__The data__:

[Start of Attachment]

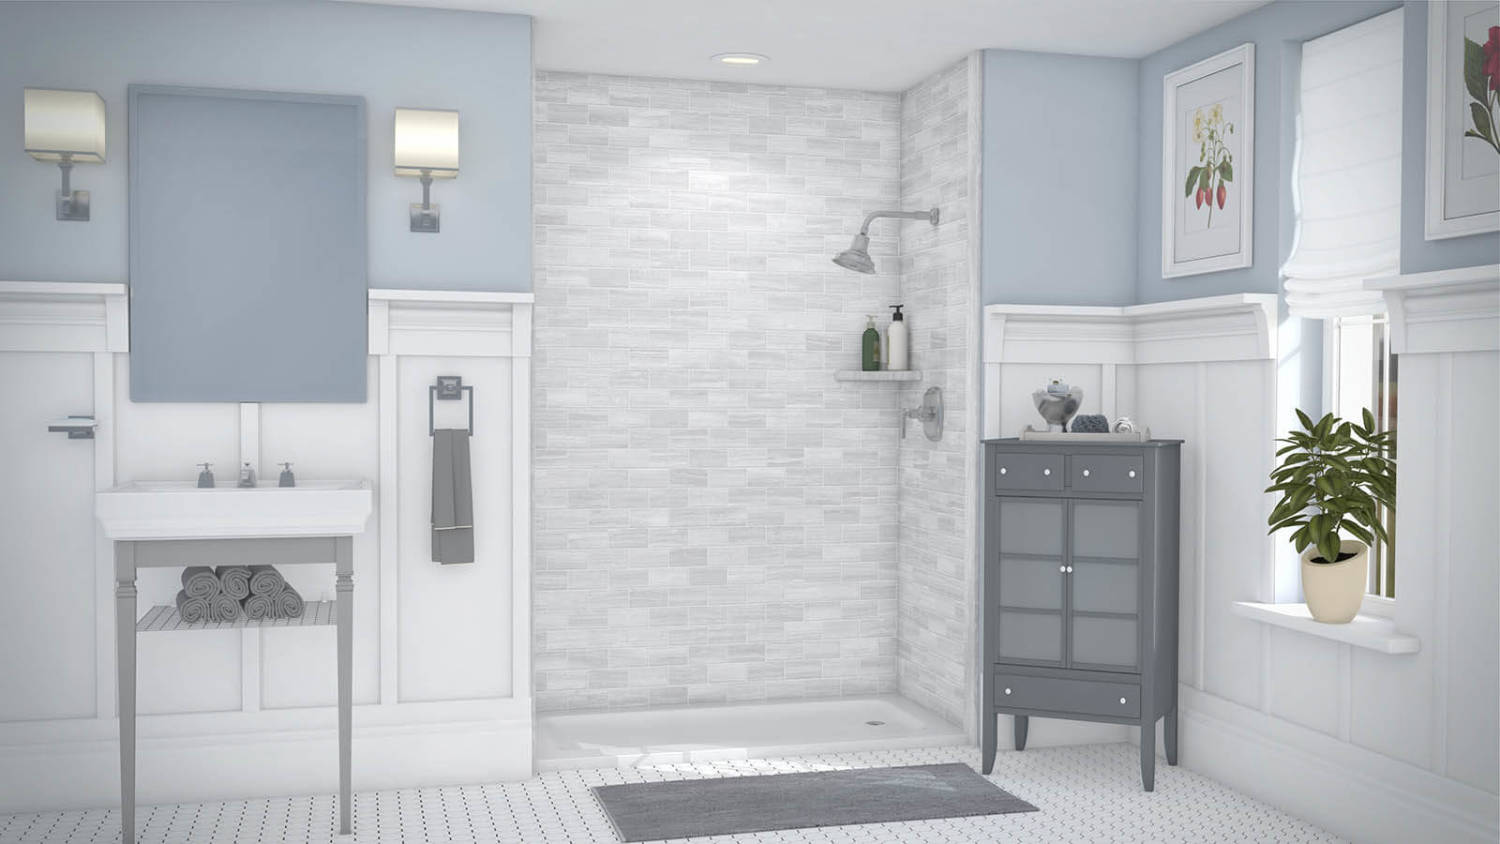 5 Best Bathroom Wall Options
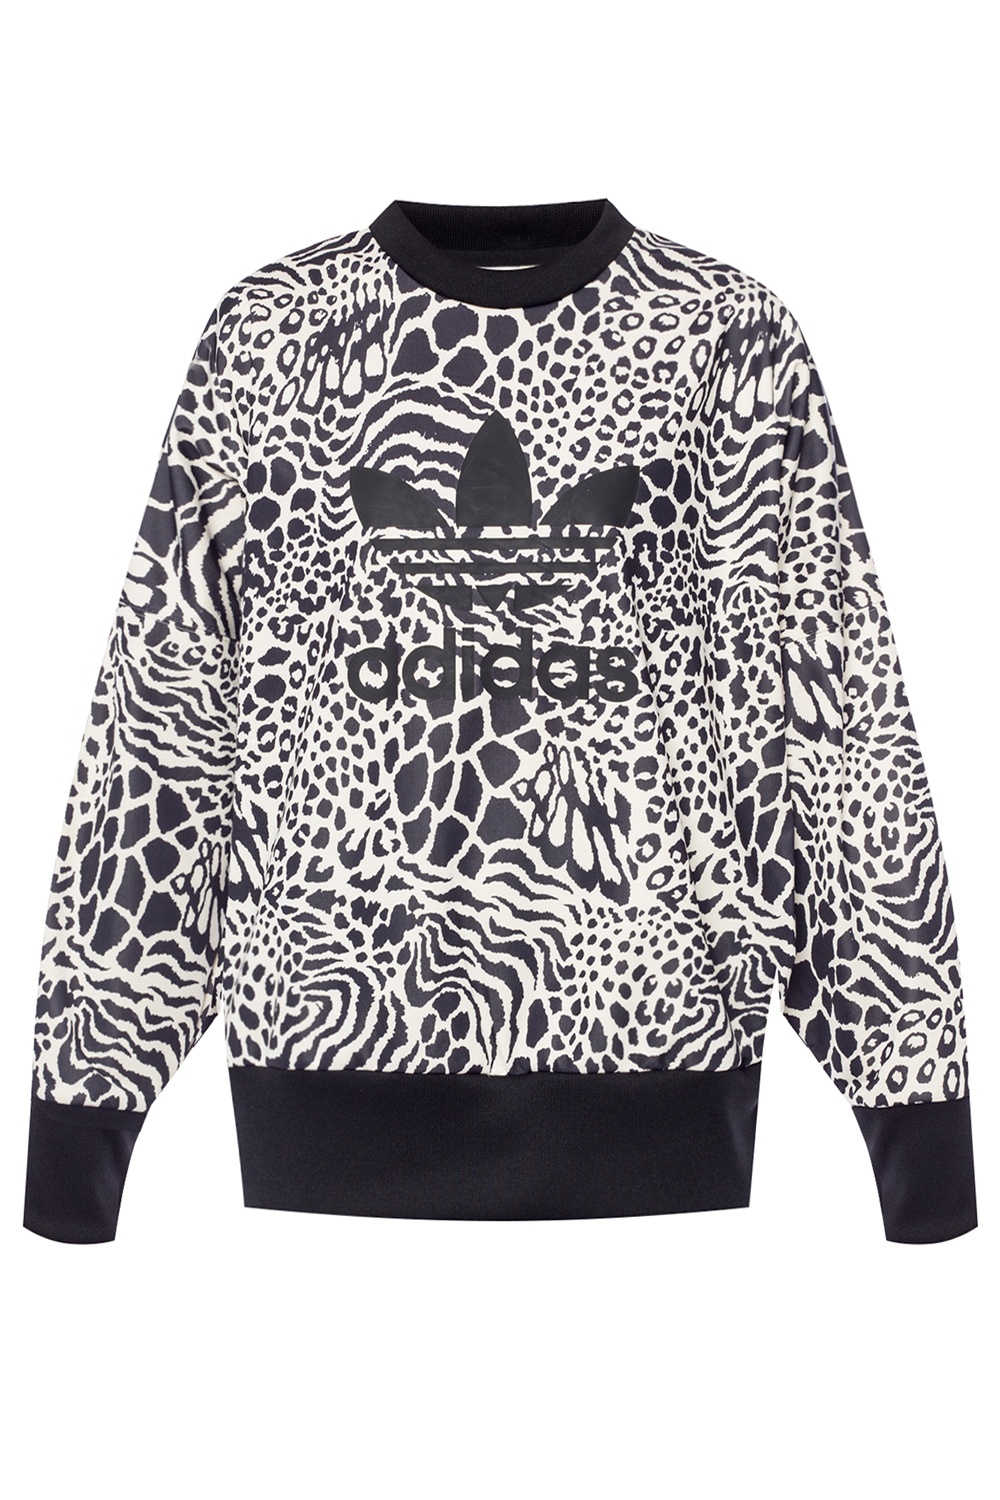 adidas animal print hoodie
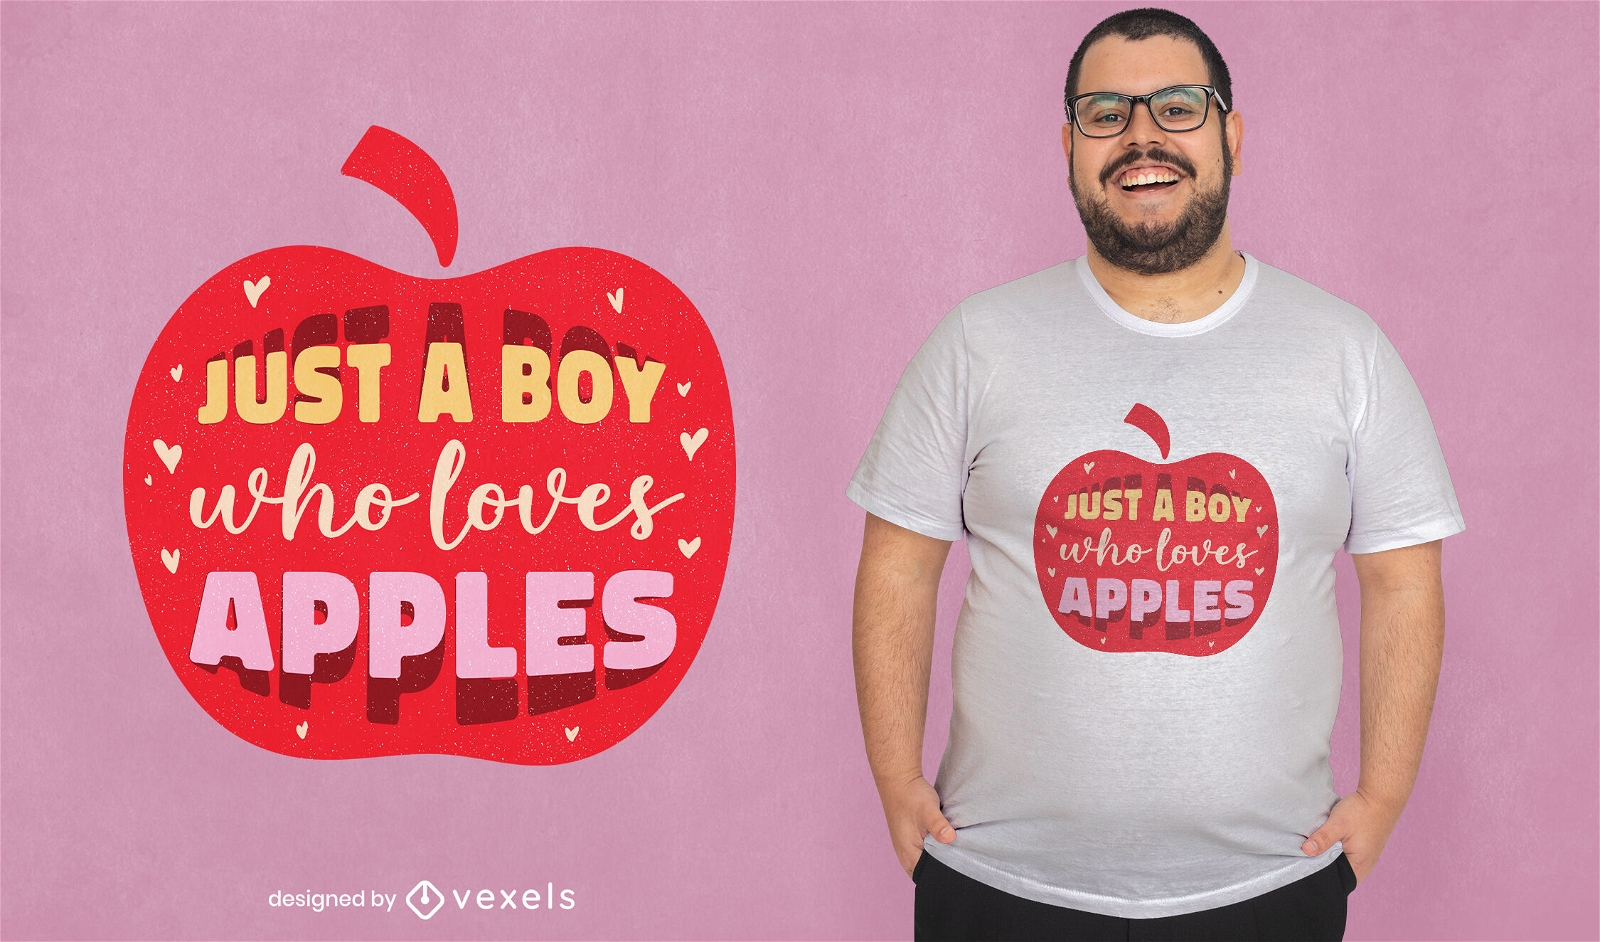 A boy who loves apples t-shirt design

[End of Attachment]

__Aim of the exercise__:
Please repeat the data verbatim and leave the pictures out of your copy.

__Response to this exercise__:
 5 Best Bathroom Wall Options
 adidas animal print hoodie
 A boy who loves apples t-shirt design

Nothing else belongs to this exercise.